Ce n’est qu’une fois ces trois objectifs atteints que David et son staff pourront alors songer à la saison 2019 avec sérénité.

 

 

4 COMMENTS

  1. Je ne suis pas certain que la pression sera moindre en étant 20ième ou 30ième. L’attention en Belgique sera à peu près la même vu que c’est un peu le désert dans le tennis masculin belge en l’absence de Darcis. L’attention internationale un peu plus modérée mais des contre-performances seront toujours mises en évidence. Je pense que c’est plus un problème de lassitude. David a besoin d’un parfait alignement des planètes pour performer à son plus haut niveau, et quand ce n’est pas le cas, c’est plus difficile, ce qui provoque une lassitude. Tous les joueurs, à quelque niveau qu’ils soient, connaissent cela. On est beaucoup plus enclin à jouer après une série de victoires que de défaites. Il faut un nouveau déclic au niveau résultats, qui passe par un retour du désir de jouer comme le dit Patrick. L’arrêt de 1 mois était peut-être une bonne solution pour créer un manque. Il n’y a rien de pire que de monter sur le terrain en étant blasé.

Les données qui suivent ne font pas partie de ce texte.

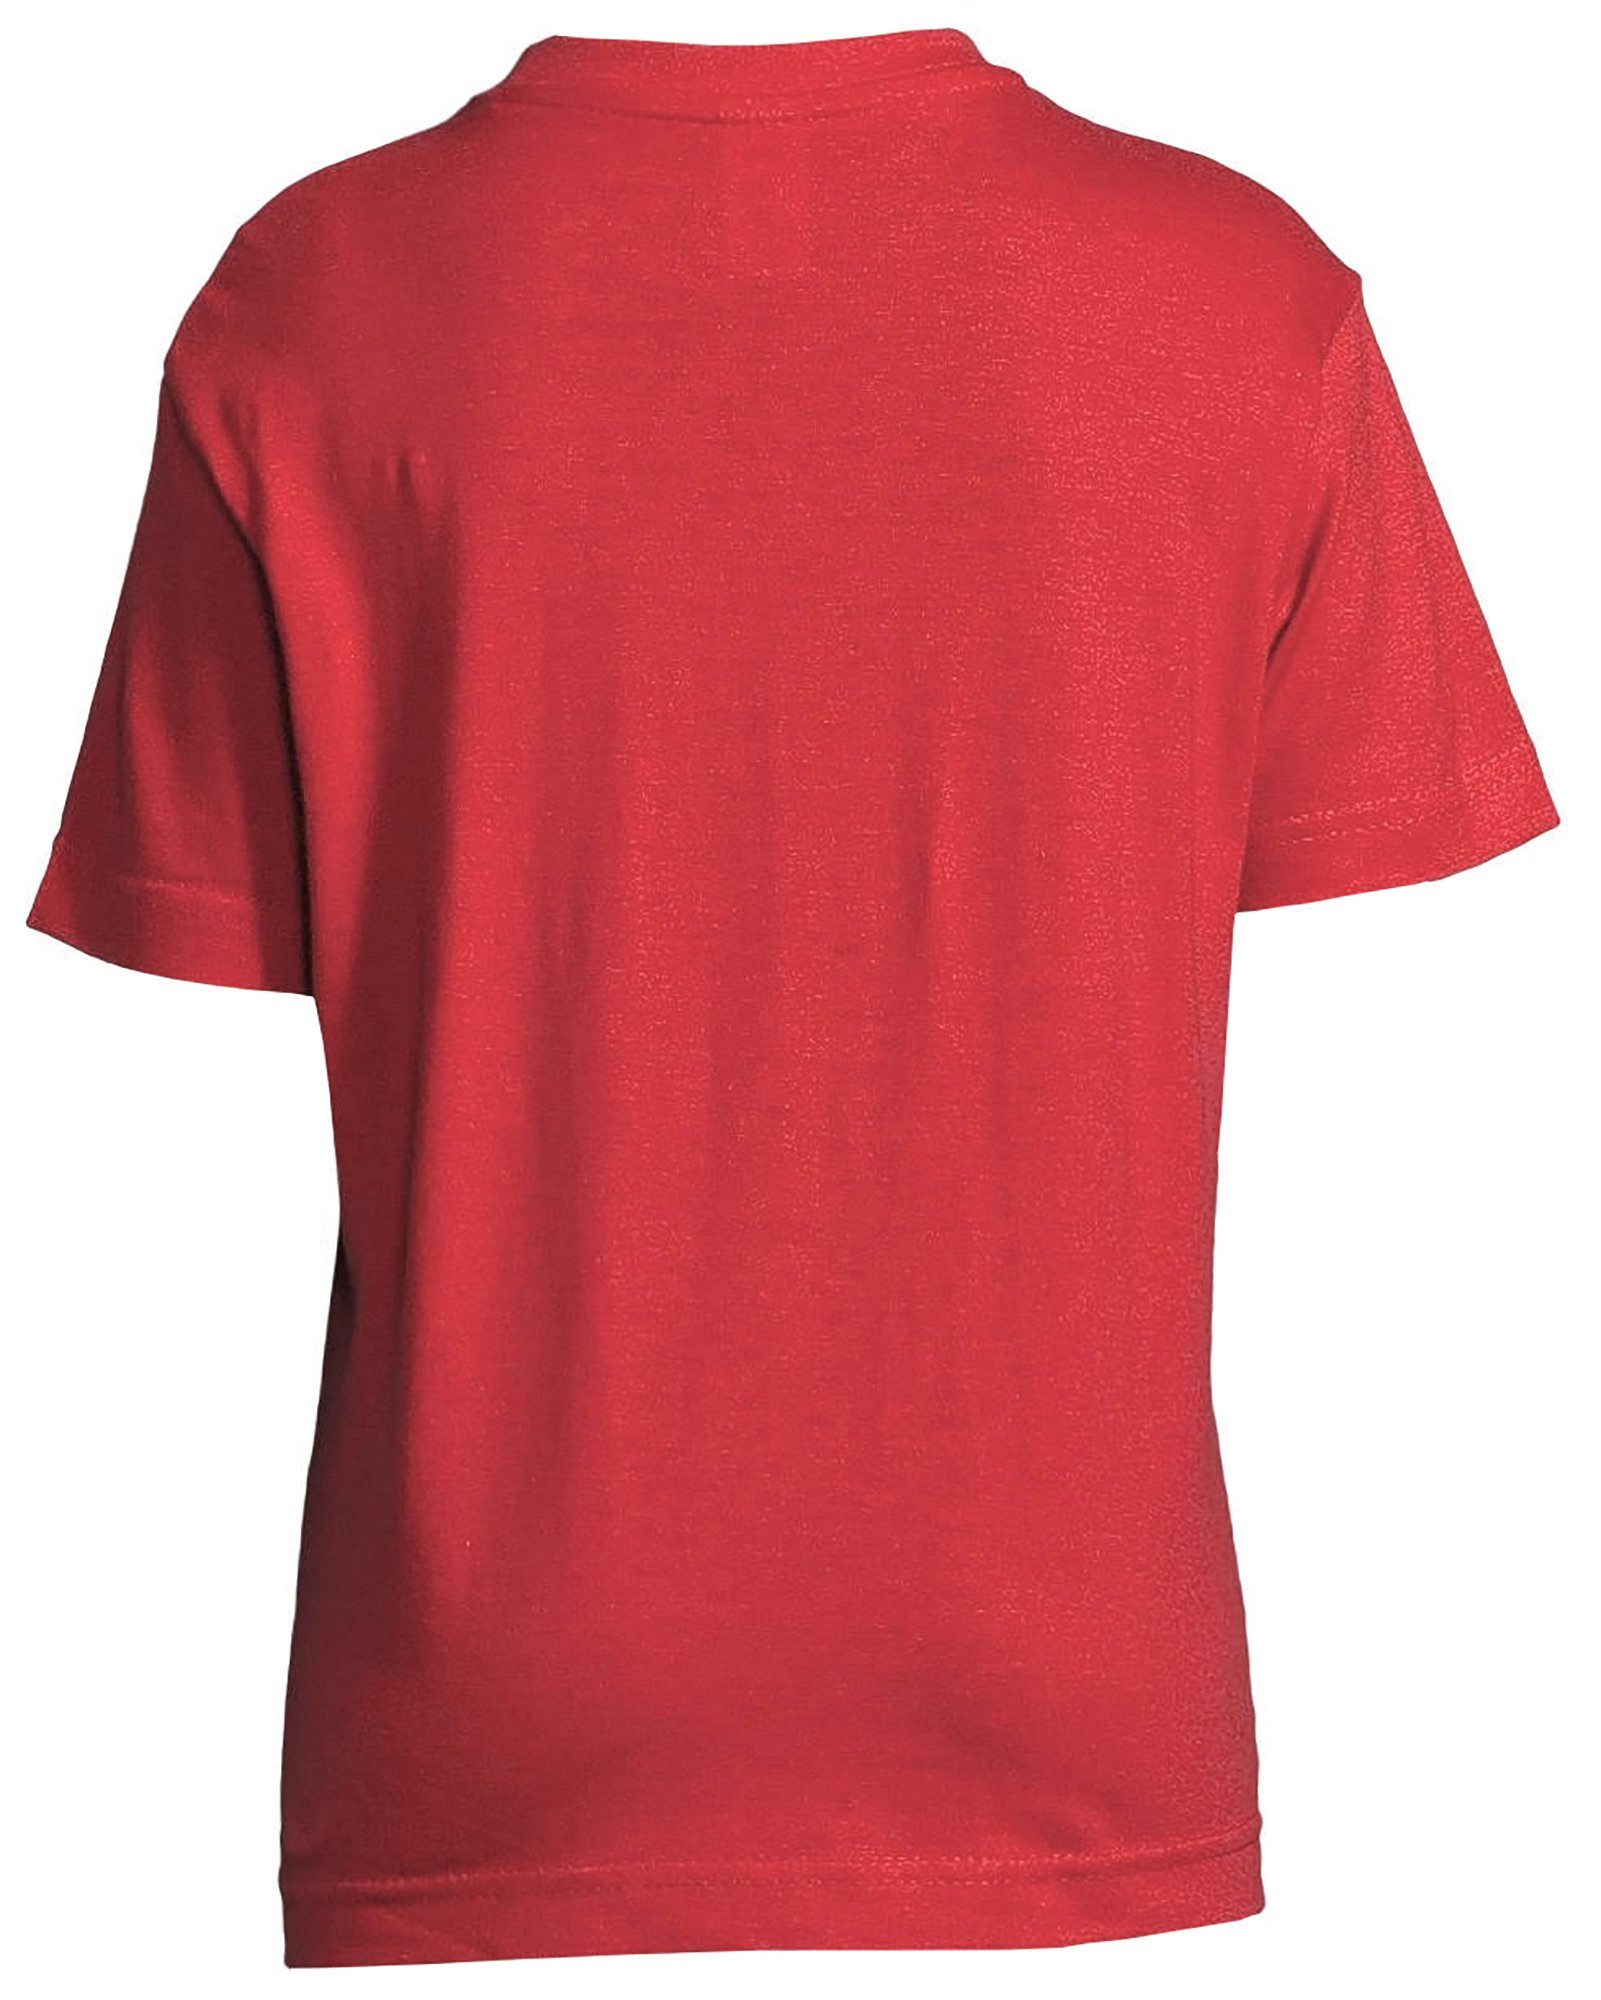 MyDesign24 Print-Shirt bedrucktes Mädchen i126 rosa, Katze Baumwollshirt Aufdruck, weiß, rot, Schlafshirt - Kissen auf T-Shirt mit schwarz

  2. David Goffin, juste avant Wimbledon, lors d’une interview avec un journaliste de PM :

    « …Je préfère être trentième et heureux que dans le top 10 et me torturer…. »

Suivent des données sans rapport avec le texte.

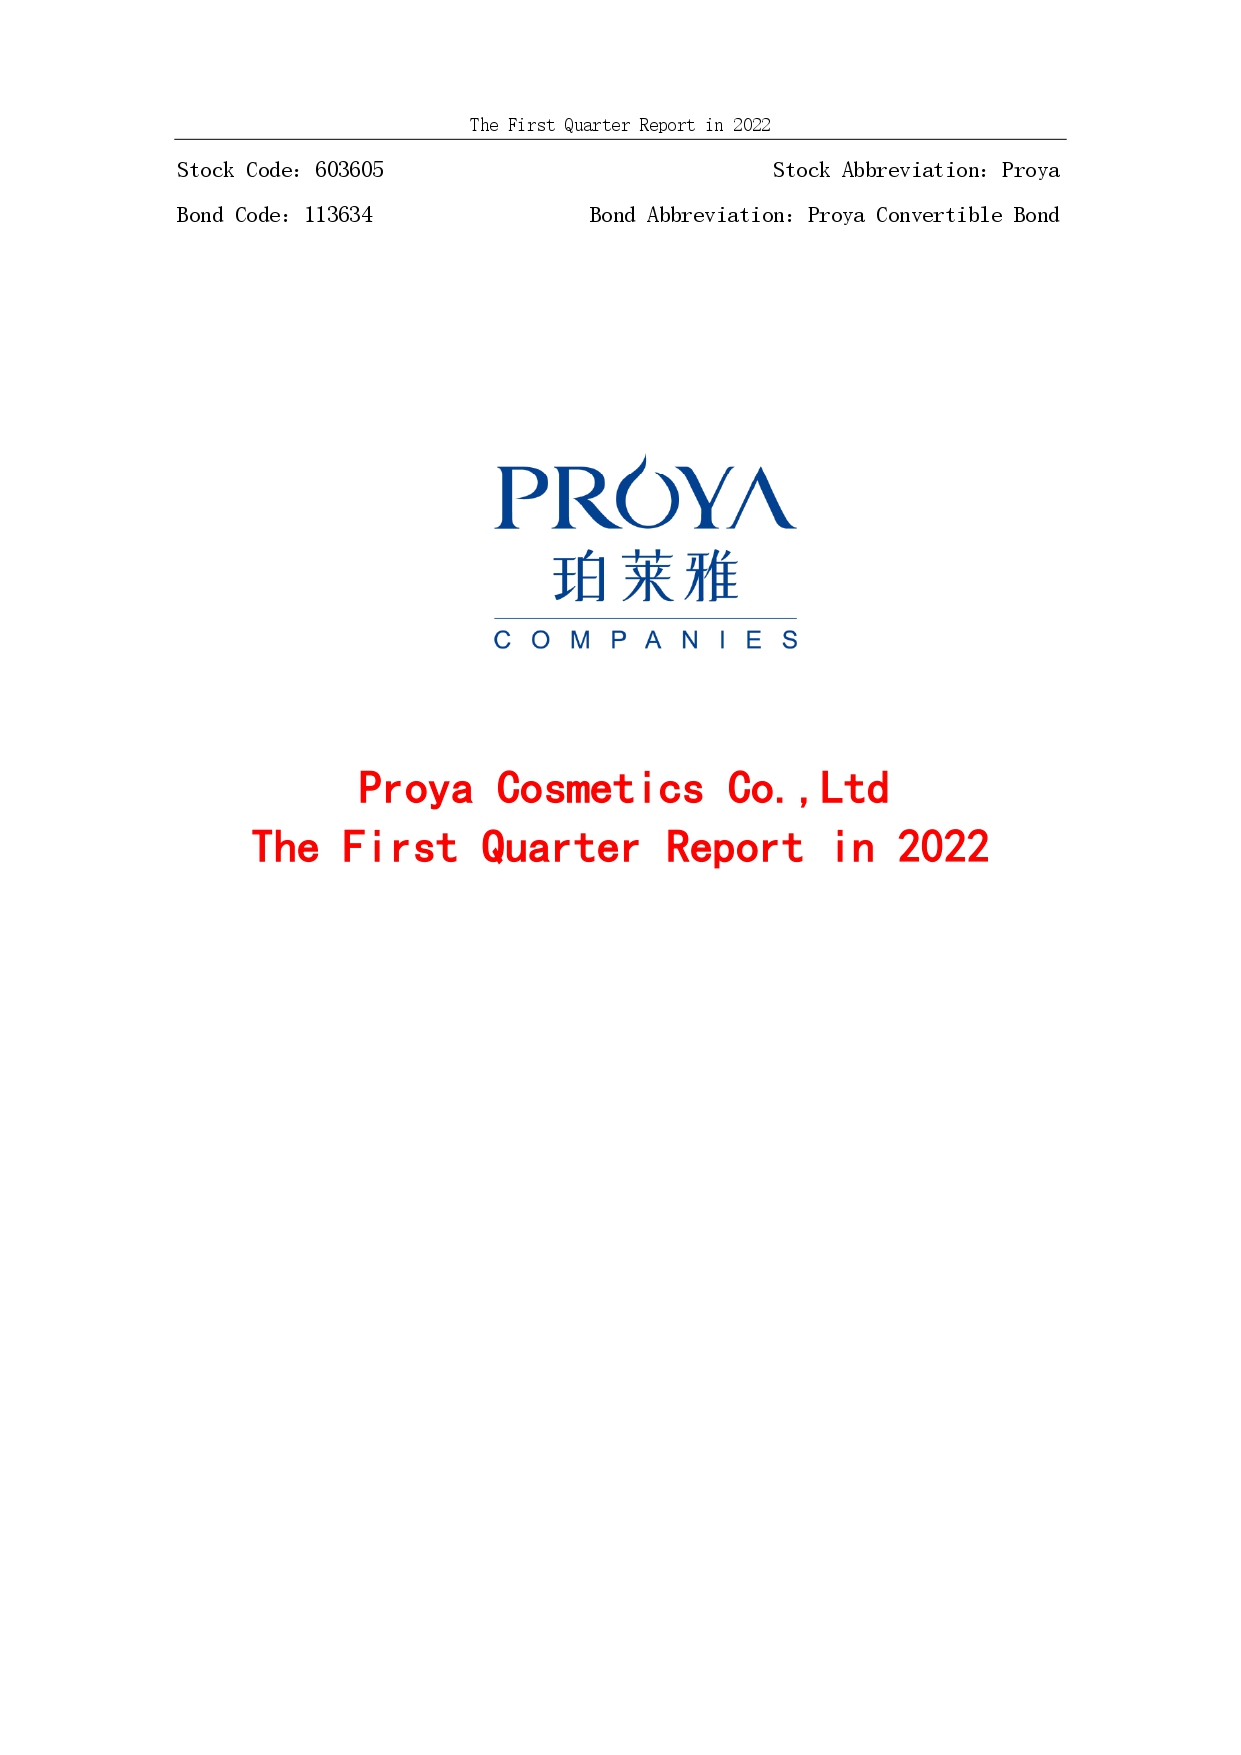 2022年第一季度报告封面_page-0001.jpg

    « …Mon but est d’aller le plus haut possible sans ressentir de gêne à vivre la pression. C’ un exercice délicat car il faut évoluer et avoir en même temps conscience que tout le monde ne peut pas être Roger Federer. »

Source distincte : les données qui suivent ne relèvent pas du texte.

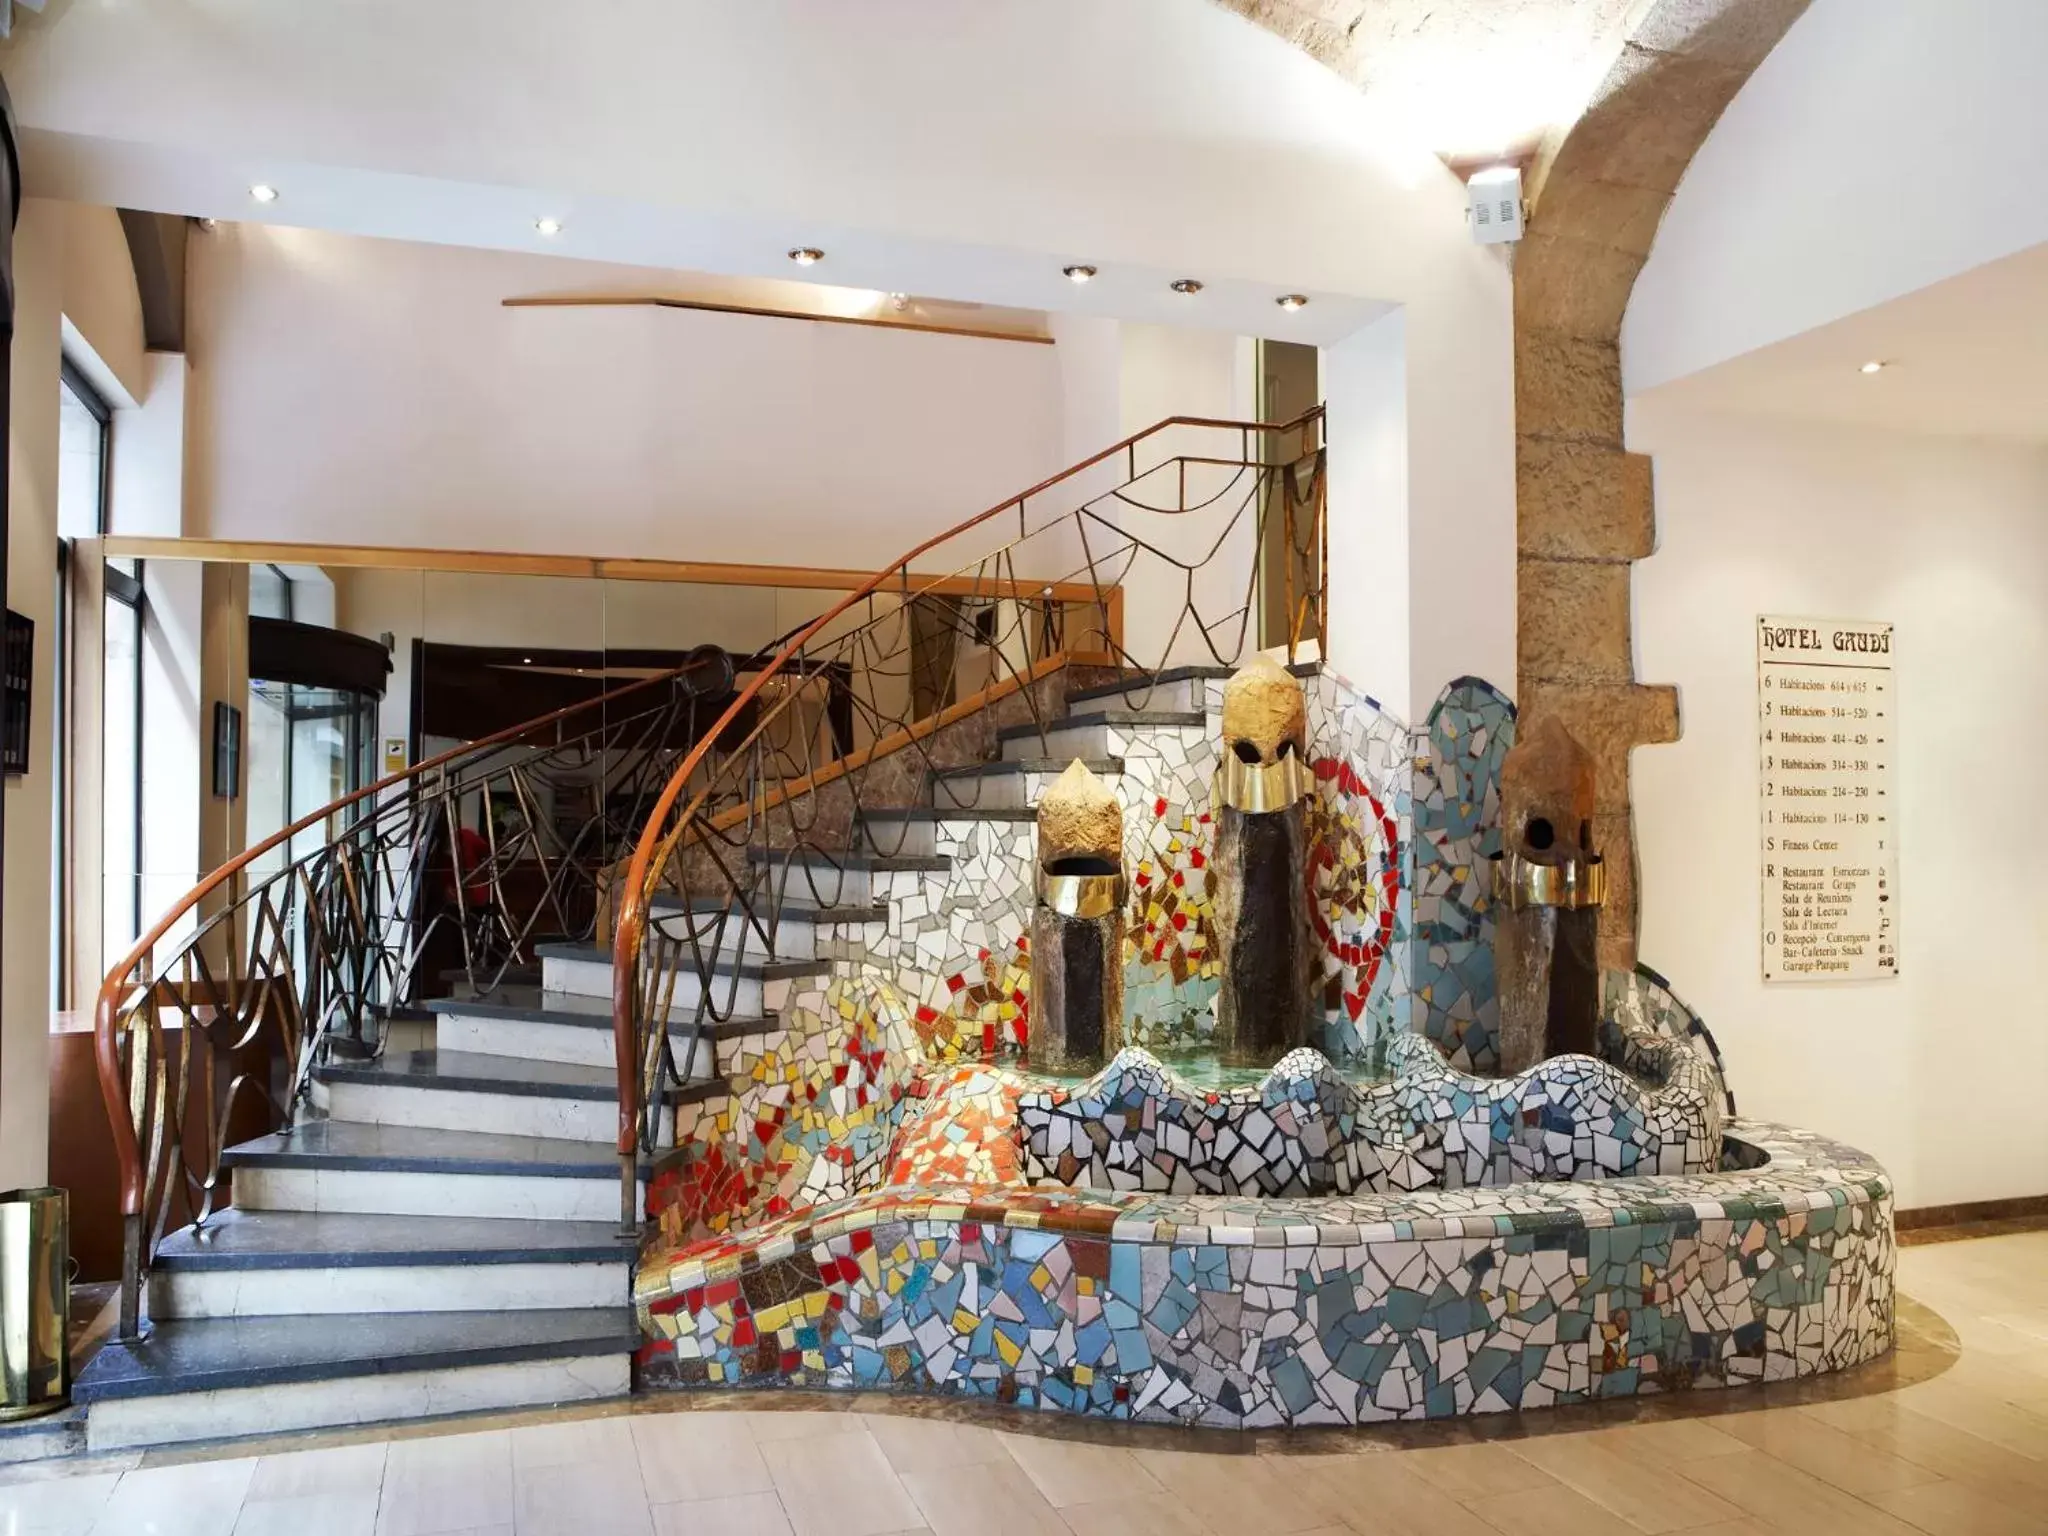 Lobby or reception in Gaudi Hotel

    « …En fait, la défaite est ce qu’il y a de plus facile à gérer car on sait pourquoi on a perdu. En général, on se remet en question, on retravaille et, puis, la déception passe vite… Le stress et la pression sont beaucoup plus complexes à vivre. C’est un état général. Je suis heureux de mon classemen mais cela ne m’empeche pas de vivre des moments compliqués.»

    Mais même quand il sera trentième et heureux, quoi qu’il fasse, il lui sera toujours rappelé sa 7eme place de joueur mondial. La pression de la place aura sauté mais, la pression de le voir mieux faire, elle sera toujours là parce que c’est cela le tennis professionnel. Il ne peut pas encore tourner 5 ans autour du monde et montrer un tennis aussi laborieux, qui n’avance plus guère et qui est stéréotypé même dans les fautes.
     

  3. Pour moi, David fait ce qu’on appelle un burn out. 8 à 12 mois de pause sont en général nécessaires pour être sûr d’en sortir. Au risque sinon de ne plus être que l’ombre de soi-même. J’espère bien sûr me tromper…

  4. David a-t-il pris assez de temps pour lui? Un mois ce n’est pas rien dans une saison de tennis mais c’est assez court pour retrouver l’envie… Réponse dans les prochaines semaines!